Quali risultati possiamo aspettarci dal vertice di Quito in materia di insediamenti informali secondo voi? Il
riconoscimento del Diritto alla Città all'interno della Nuova Agenda Urbana è un passo avanti nella comprensione della città
come uno spazio che dovrebbe garantire l'esercizio dei diritti di tutti i cittadini, e non un spazio di privilegi per coloro che
possono pagarne i benefici. Questo approccio dovrebbe porre gli insediamenti informali tra le priorità per l'attuazione e il
monitoraggio della Nuova Agenda Urbana stabilita a Quito.

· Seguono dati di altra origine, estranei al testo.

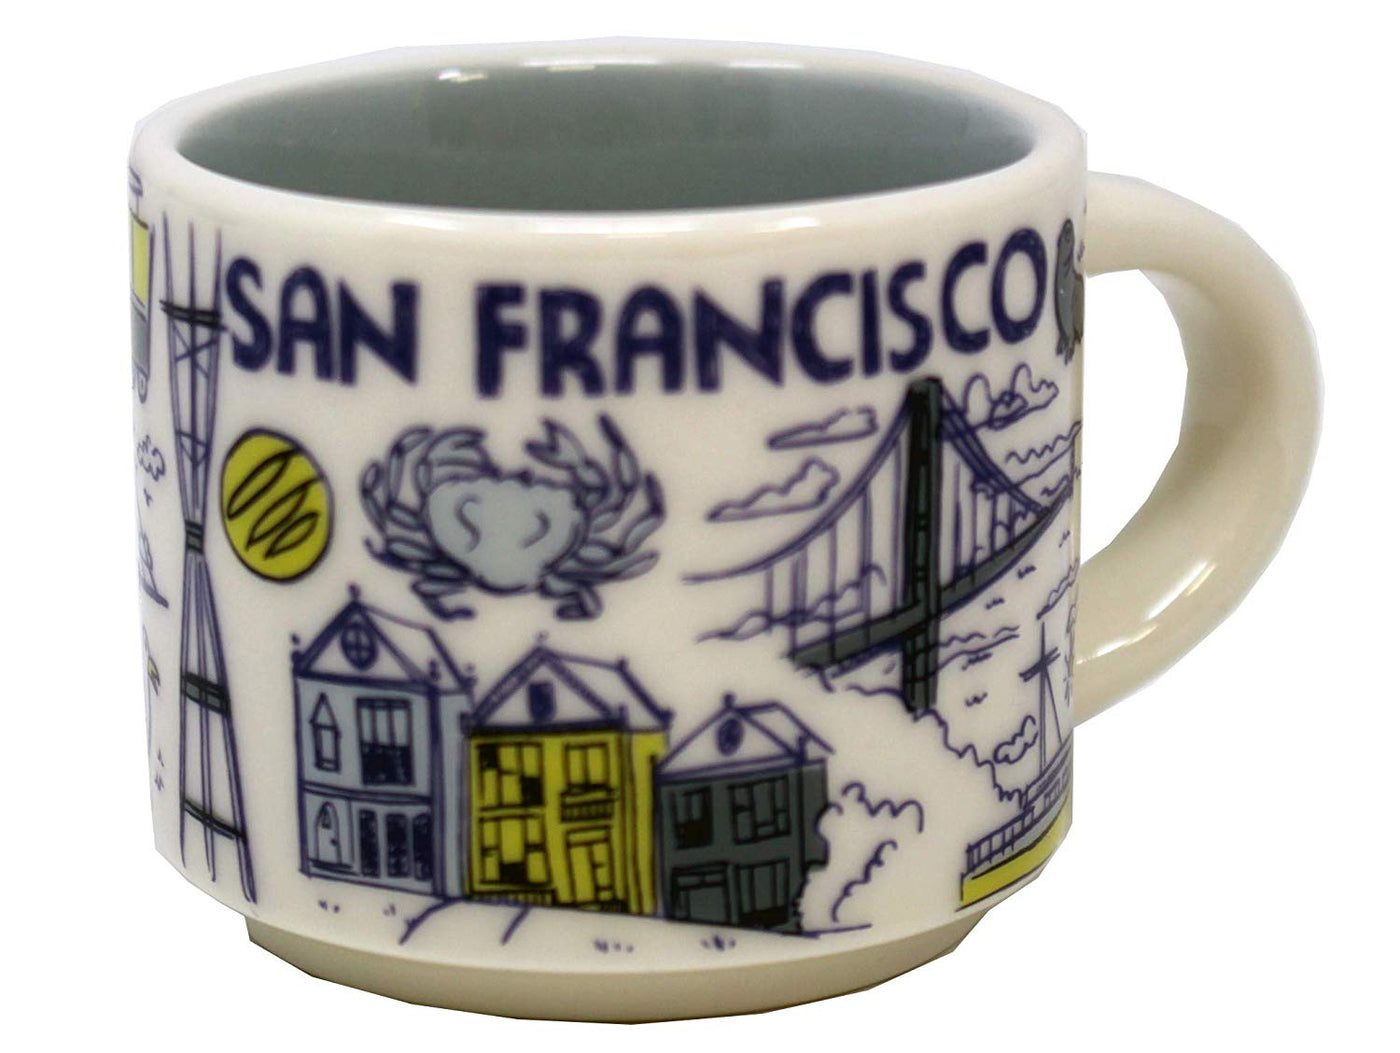 Starbucks Been There Collection San Francisco California Coffee Mug New with Box

Ora che si è concluso l'incontro a Quito, rimane la sfida più
grande: far sì che raggiunga il territorio. In TECHO consideriamo la Nuova Agenda Urbana come un punto di partenza. Così ci
impegniamo ad approfondire ulteriormente il Diritto alla Città come un nuovo paradigma urbano, a continuare a collaborare
strettamente con altre organizzazioni della società civile per promuovere più temi, a partecipare nel monitoraggio
dell'attuazione della Nuova Agenda Urbana così come all’elaborazione e attuazione delle politiche pubbliche. Tutto ciò che è
stato concordato nella Nuova Agenda Urbana ha valore nella misura in cui viene attuata e raggiunge le persone nelle
comunità. Le parole e documenti hanno senso e potere quando diventano fatti, ed è qui che il lavoro della popolazione, dei
volontari e di altri soggetti interessati risulta essenziale per esigere, contribuire e assicurarsi che si compia. Qual è stata
l'importanza di questo evento per TECHO come organizzazione? Quella di porre la questione degli insediamenti
informali come una priorità all'interno dell'agenda urbana globale e in particolare in America Latina. Gli incontri preparatori e
l’incontro a Quito sono stati inoltre l'opportunità per esplorare in modo più approfondito lo stato attuale della discussione
globale sopra il tema dell’habitat e degli insediamenti informali. Abbiamo avuto la possibilità di avvicinare i leader mondiali
in materia di habitat e conoscere la loro posizione per quanto riguarda la progettazione e la realizzazione della Nuova
Agenda Urbana e generare alcune reti e proposte chiare per articolarne l’attuazione. Ora viene la parte più importante,
prosegue il lavoro con quasi 700 comunità. Ci auguriamo di continuare a crescere nella portata della nostra azione,
continueremo a coinvolgere altri attori che affianchino il lavoro quotidiano degli abitanti delle baraccopoli, soprattutto
giovani volontari per continuare a lavorare e a raccogliere informazioni sugli insediamenti informali in America Latina e per
dar seguito all'attuazione della Nuova Agenda Urbana.